(Task to complete) Using the material below, return exactly the lines between the one holding "Beautiful Scene Mesh" and the one holding "Kopp Malta Druck-//Wechsel-Dimmer", inclusive, and no others.

··· Data supplied ···

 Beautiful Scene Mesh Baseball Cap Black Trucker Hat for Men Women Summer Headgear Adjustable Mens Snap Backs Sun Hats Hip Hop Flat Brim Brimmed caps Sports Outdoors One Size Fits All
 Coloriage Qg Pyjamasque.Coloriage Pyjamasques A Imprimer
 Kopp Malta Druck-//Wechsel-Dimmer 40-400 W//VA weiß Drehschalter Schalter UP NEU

···
··· Data supplied ···

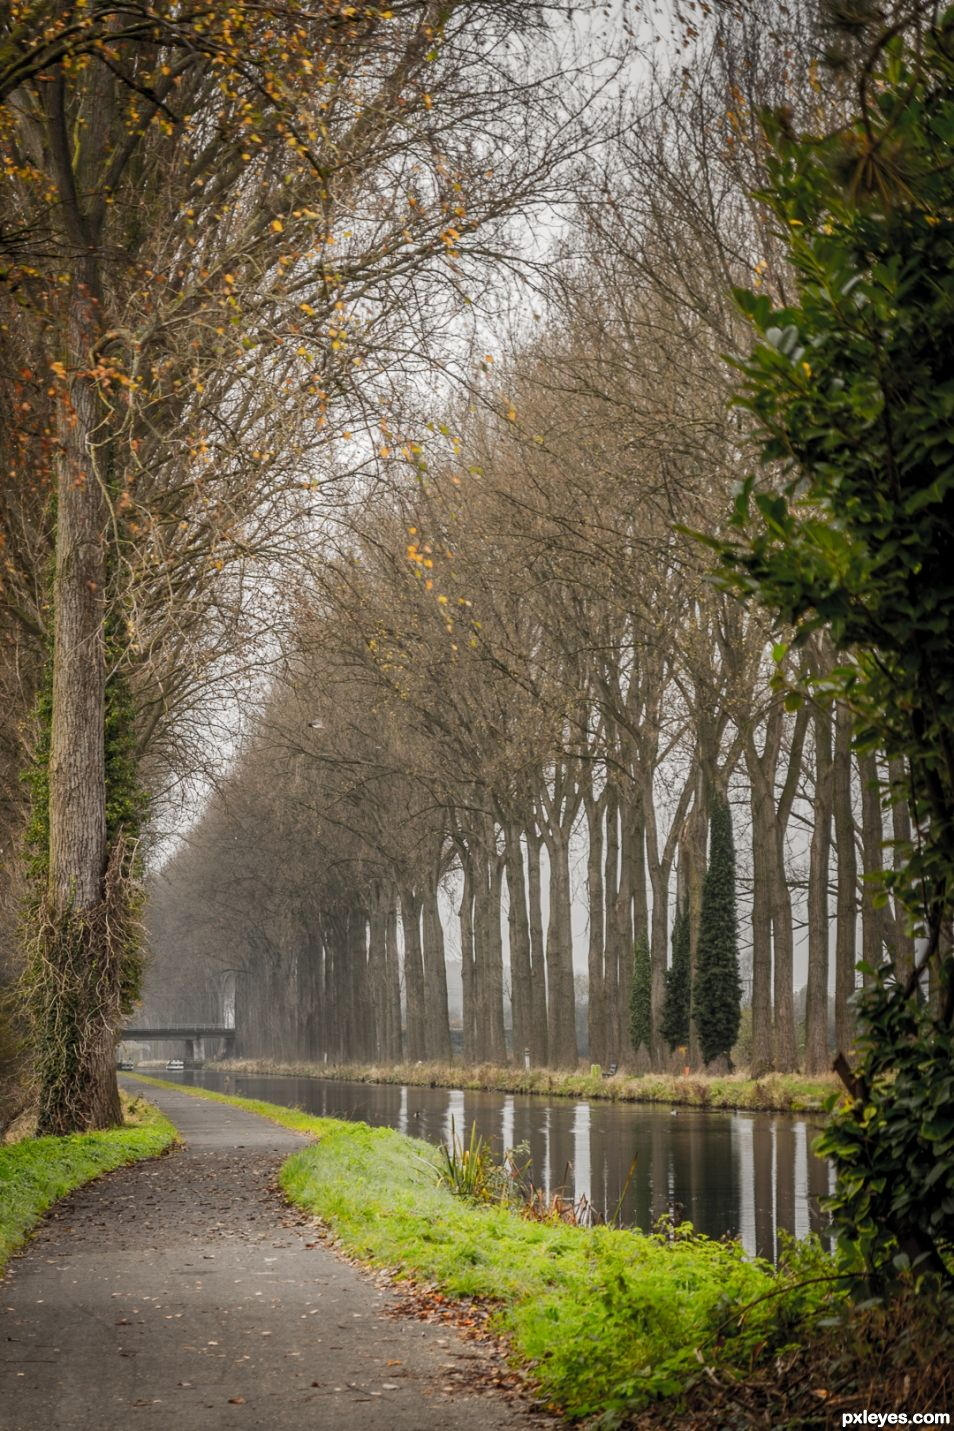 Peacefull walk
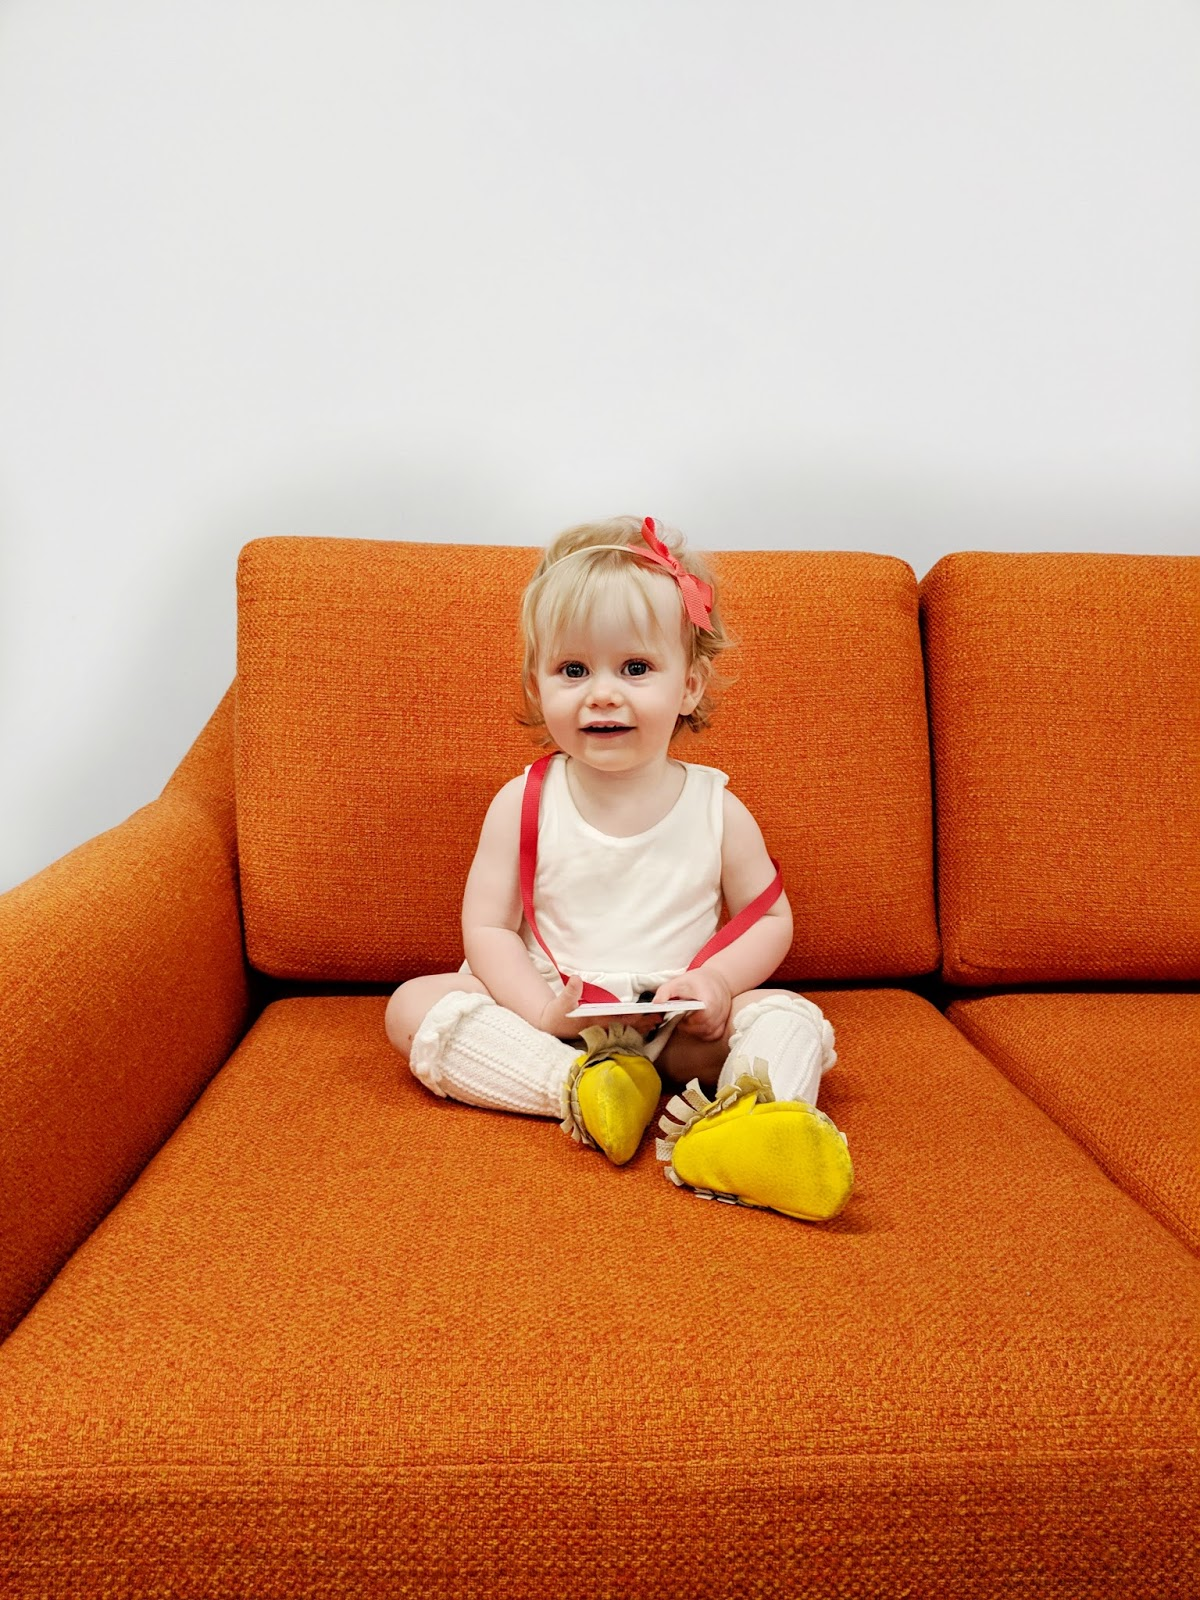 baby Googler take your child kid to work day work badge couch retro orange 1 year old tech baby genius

···
··· Data supplied ···

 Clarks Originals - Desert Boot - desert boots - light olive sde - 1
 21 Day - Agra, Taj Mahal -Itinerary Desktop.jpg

···

(Reply)
 Beautiful Scene Mesh Baseball Cap Black Trucker Hat for Men Women Summer Headgear Adjustable Mens Snap Backs Sun Hats Hip Hop Flat Brim Brimmed caps Sports Outdoors One Size Fits All
 Coloriage Qg Pyjamasque.Coloriage Pyjamasques A Imprimer
 Kopp Malta Druck-//Wechsel-Dimmer 40-400 W//VA weiß Drehschalter Schalter UP NEU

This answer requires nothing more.